Her newly formed office, which works closely with the administrator, immediately embarked on several big projects, like the consolidation of call centers for the tenants of the GSA’s 9,000 federal buildings into one phone number.
“Our team basically became a voice-of-the-customer team where we were just unearthing existing data and creating new data points and better understanding the customer and getting that into the people who were making decisions,” she said.
After piloting the chief customer office for several months, Chrousos said there was an organic fit between her work there and OCSIT, which led to her appointment to take over those offices in January. Already, she’s looking for ways those offices can do better by their customers.
“One of my big priorities for the year is to fill out [OCSIT’s] portfolio of products and services around citizen experience,” she said.

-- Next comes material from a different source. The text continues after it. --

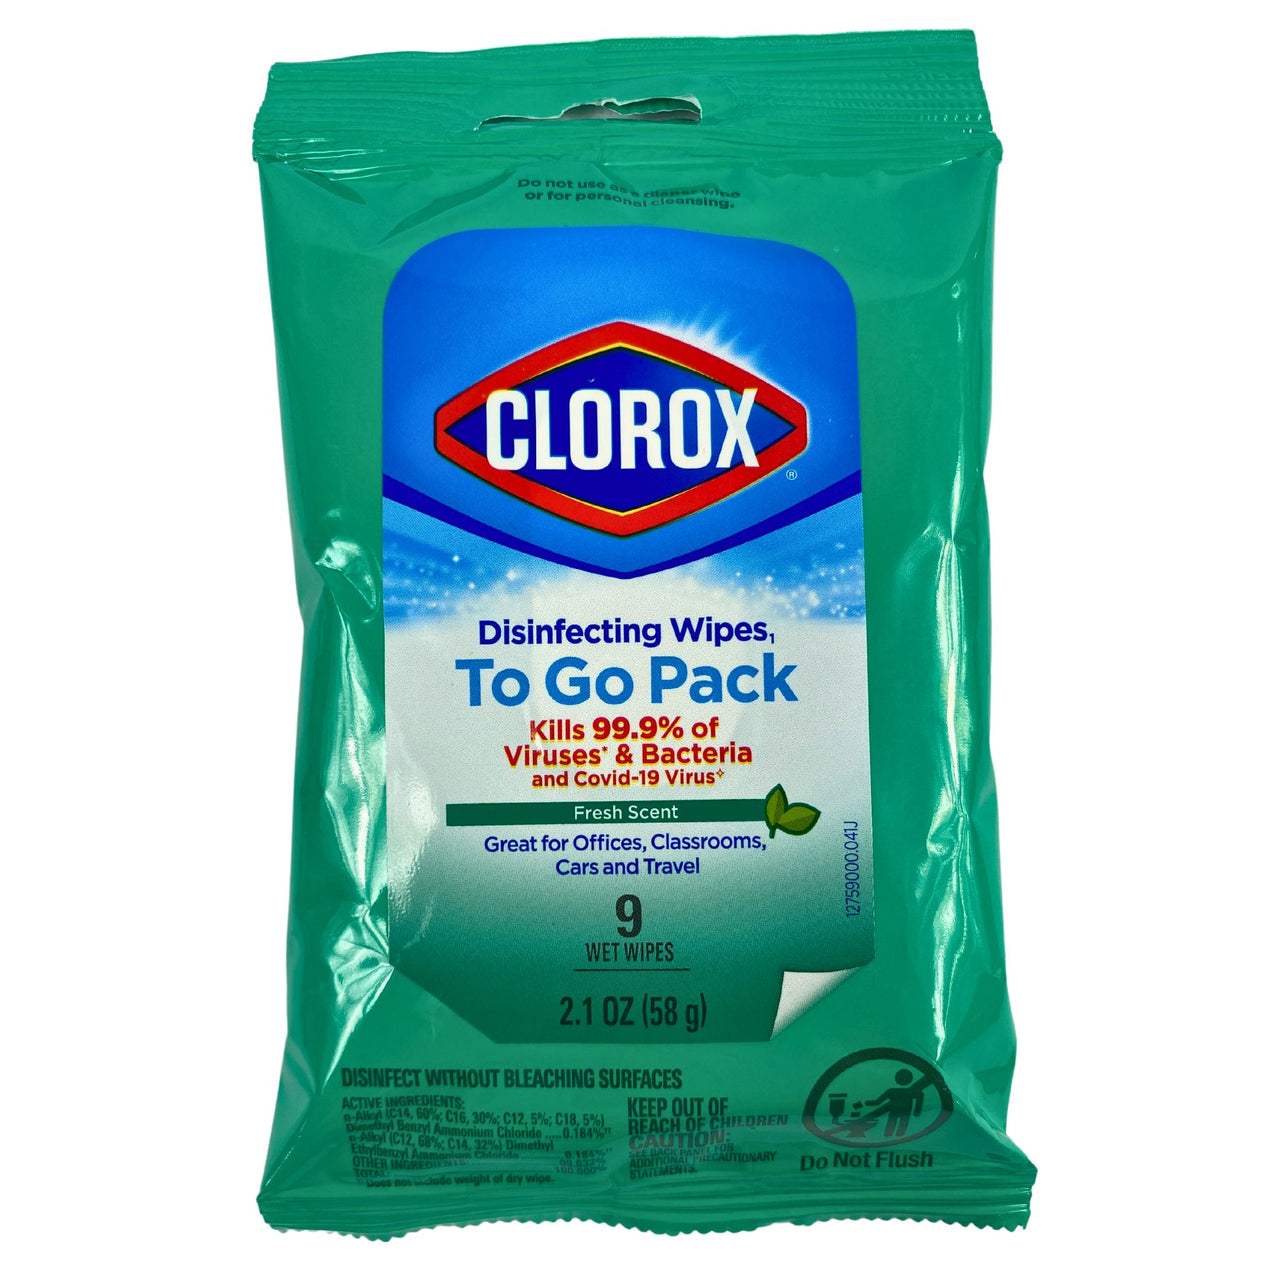 Clorox Disinfecting Wipes To Go Pack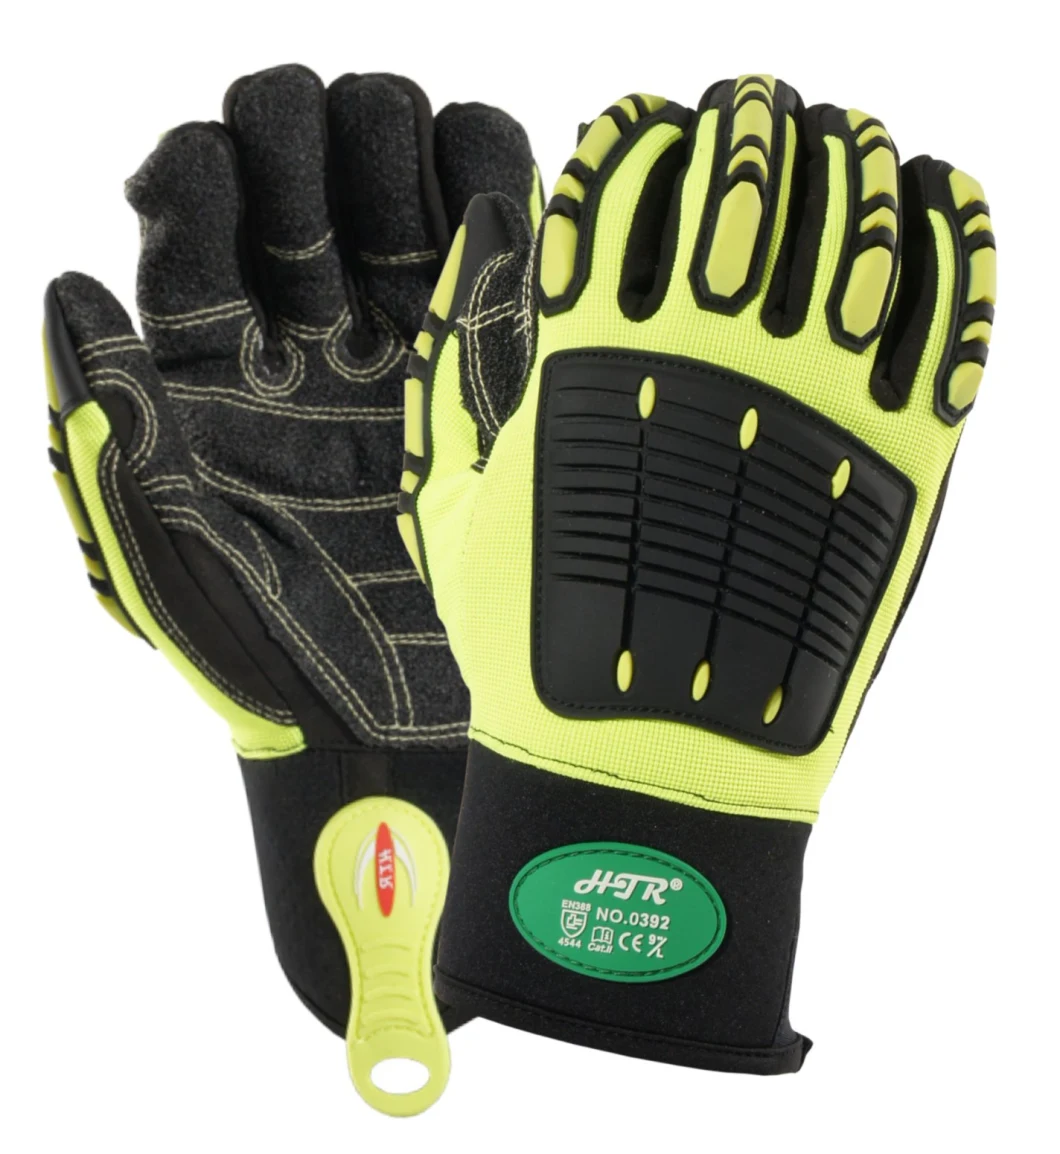 Impact-Resistant Anti-Abrasion Leather Safety Work Gloves with TPR

Likewise, 18F will play a greater role going forward, Chrousos said, putting it on the same level as OCSIT in importance despite its short existence. The two, both under her leadership, will collaborate more, especially as 18F grows. Right now, they’re working together on Connect.gov and they also partnered on a recent $100 million cloud services deal.
Within the next 12 months or so, the digital services shop hopes to hire another 130 people, and it will play a key part in the hiring of the technologists who will run the new digital service teams being launched around government.
Despite her ambitious goals to reinvent GSA’s customer service, Chrousos is limiting her time at GSA to two years, mentioning the timeline frequently when talking about her plans. And that means she has to plunge headlong into her associate administrator role to make the biggest impact in the short time.
“I’ve got two years here. And I really do believe in the tech corps mentality,” she said. “I’m not building an empire, I’m not staying in government, I’m not trying to build a political career. I’m just trying to do something good and then go back to my life. So I feel every day like there’s a timeline to this.”
That said, she’s surprised by how much she’s enjoying her work so far.
“I thought this would be hard but important,” she said, but it turns out the work so far has been “hard but important but fun.”